Estate Lawyers Are Necessary Since State Laws Rule Estate Plans

State laws are very specific about what can and can't be in a will, trust, or medical or financial power of attorney; who can and can't serve as a ​personal representative, trustee, health care surrogate or attorney in fact; who can and can't be a witness to a will, trust, or medical or financial power of attorney; and what formalities must be observed when signing a will, trust, or medical or financial power of attorney.

For example, in Florida, a personal representative must either be related to you by blood or marriage or, if not, then a resident of the state. Time and time again I see wills of Florida residents that designate a friend or attorney from out of state as the personal representative. These non-resident, non-relatives simply can't serve, and in fact, won't be allowed to serve, in Florida. Working with a qualified estate planning attorney will help you to avoid this kind of simple and yet costly mistake.
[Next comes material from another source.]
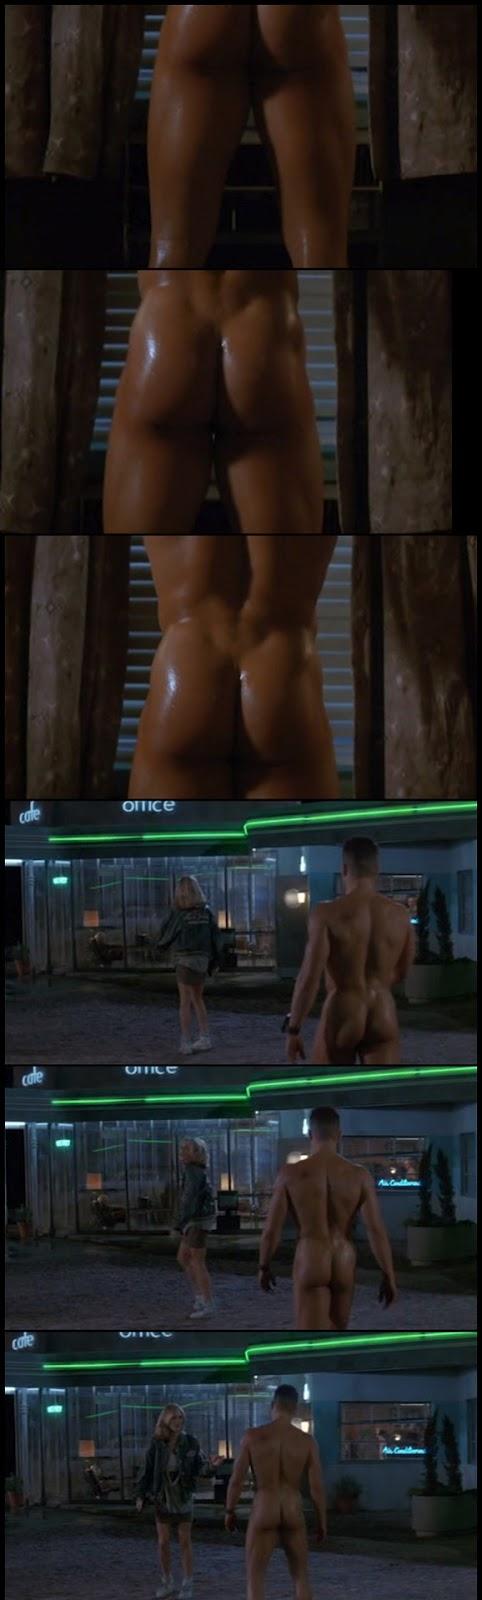 Venus 2000 orgasm
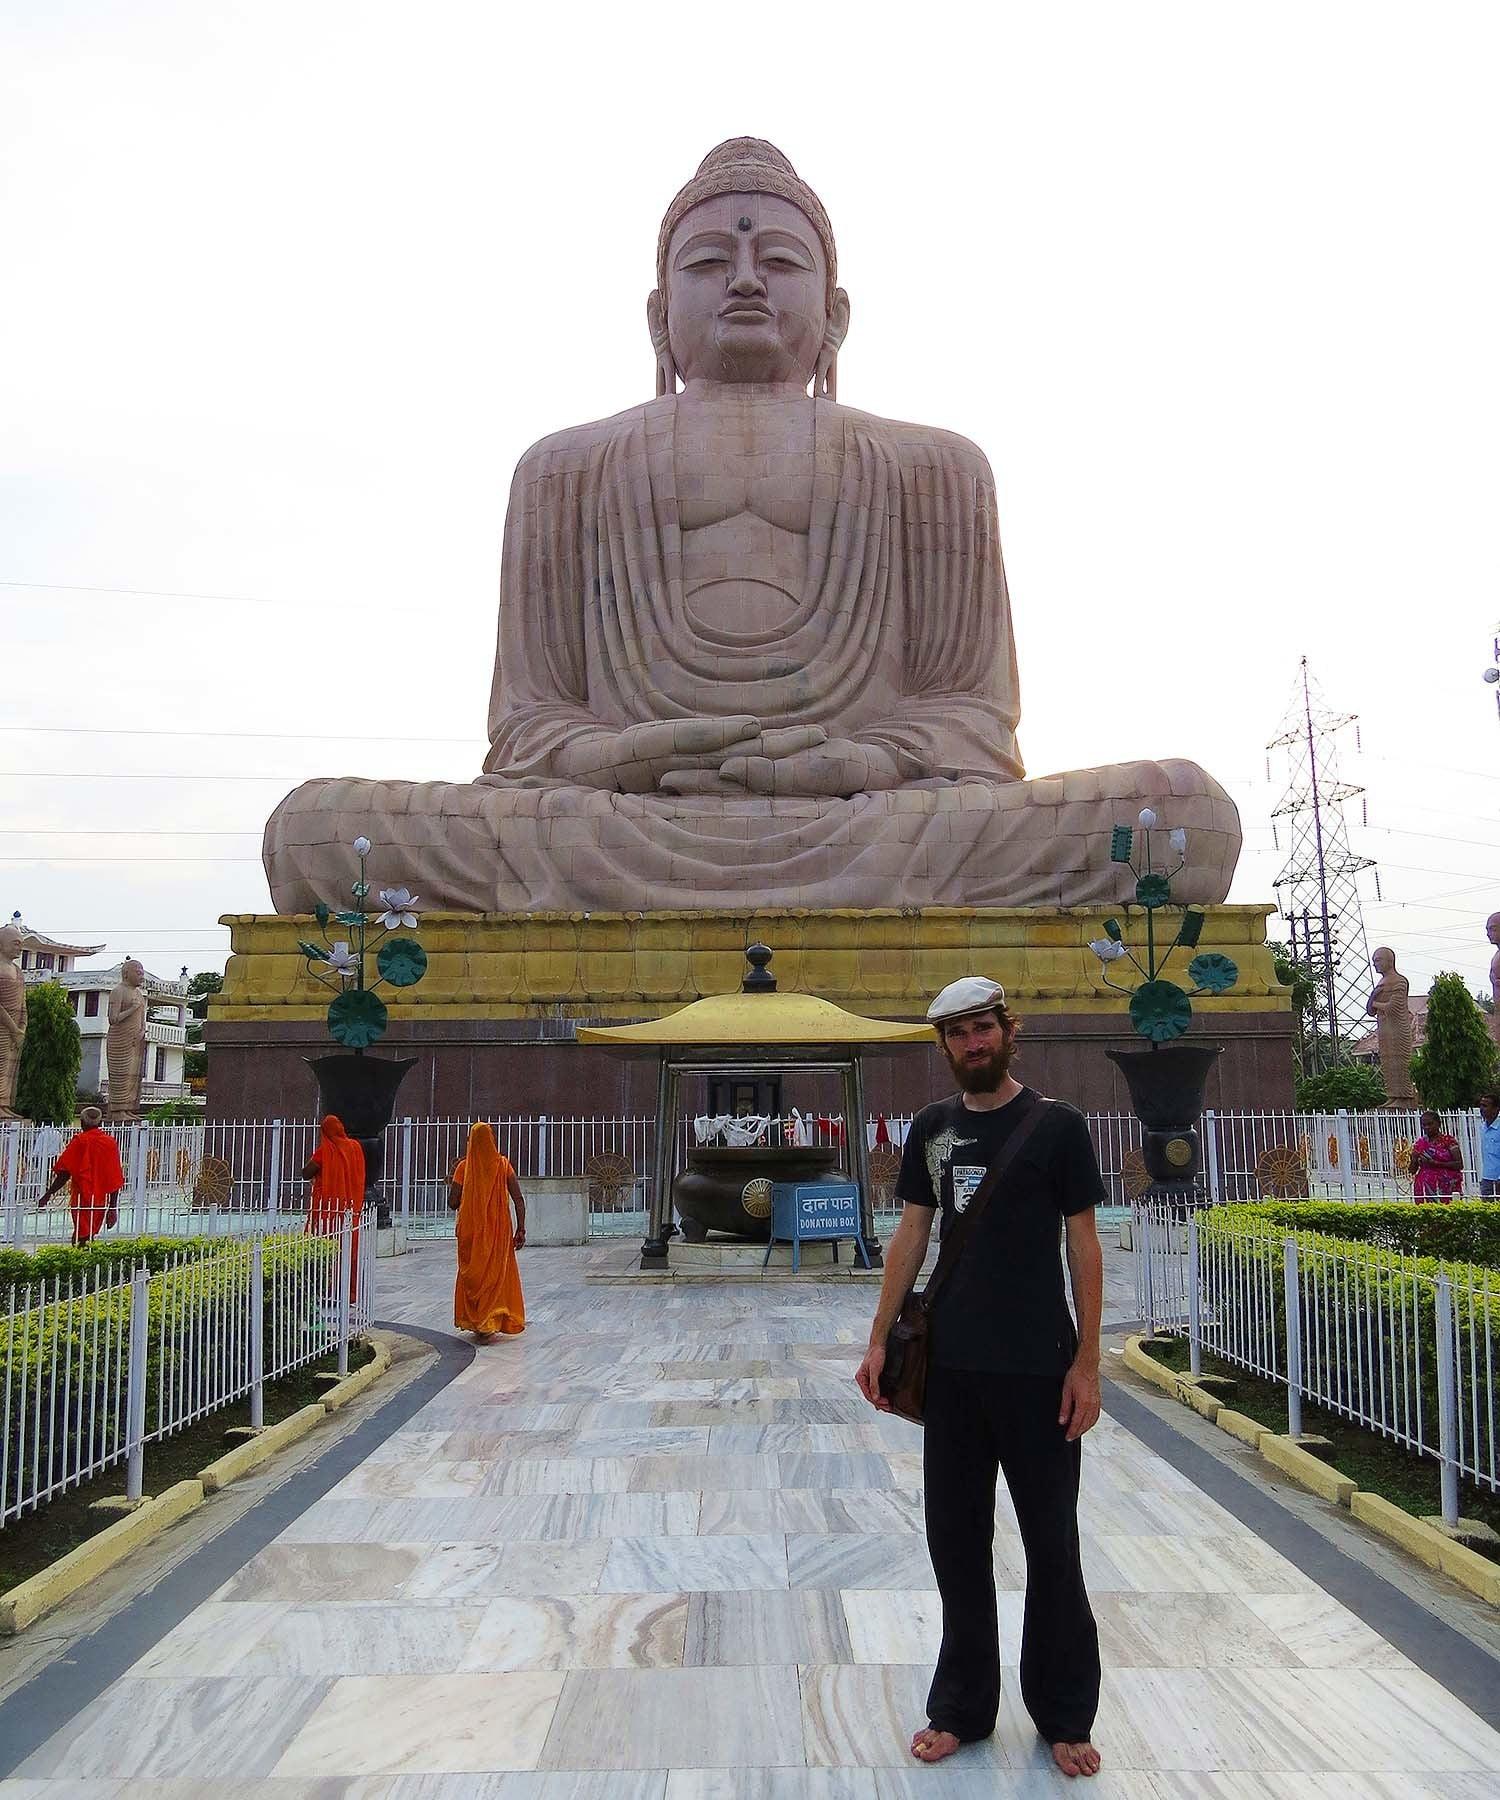 A Buddha statue in Bodhgaya.

Without an Estate Lawyer, the Buyer Must Beware

The old Latin saying, “Caveat Emptor,” or “Buyer Beware,” certainly applies to estate planning. If you think that you'll be saving a few dollars by using forms found on the internet or in a do-it-yourself book to prepare your estate planning documents, then your family will be in for a rude awakening when they learn that part or all of your will, trust, or medical or financial power of attorney isn't legally valid or won't work as you had anticipated.

Thousands of dollars will then be spent by your loved ones working with a qualified estate planning attorney after the fact to fix your mistakes.
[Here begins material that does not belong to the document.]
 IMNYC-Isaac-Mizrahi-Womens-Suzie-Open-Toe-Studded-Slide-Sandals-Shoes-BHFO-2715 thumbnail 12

Estate Lawyers Can Help Sort Out Complex Family or Financial Situations​

Take a look at your life and your assets to see if you fit into one or more of the following categories:

  • You're in a second (or later) marriage
  • You own one or more businesses
  • You own real estate in more than one state
  • You have a disabled family member
  • You have minor children
  • You have problem children
  • You don't have any children
  • You want to leave some or all of your estate to charity
  • You have substantial assets in 401(k)s and/or IRAs
  • You were recently divorced
  • You recently lost a spouse or other family member
  • You have a taxable estate for federal and/or state estate tax purposes

If one or more of these situations apply to you, then you'll need the counseling and advice of an experienced estate planning attorney to create your estate planning documents. Otherwise, it may be a probate lawyer and your state's department of revenue and/or the IRS that will receive the largest chunk of your estate.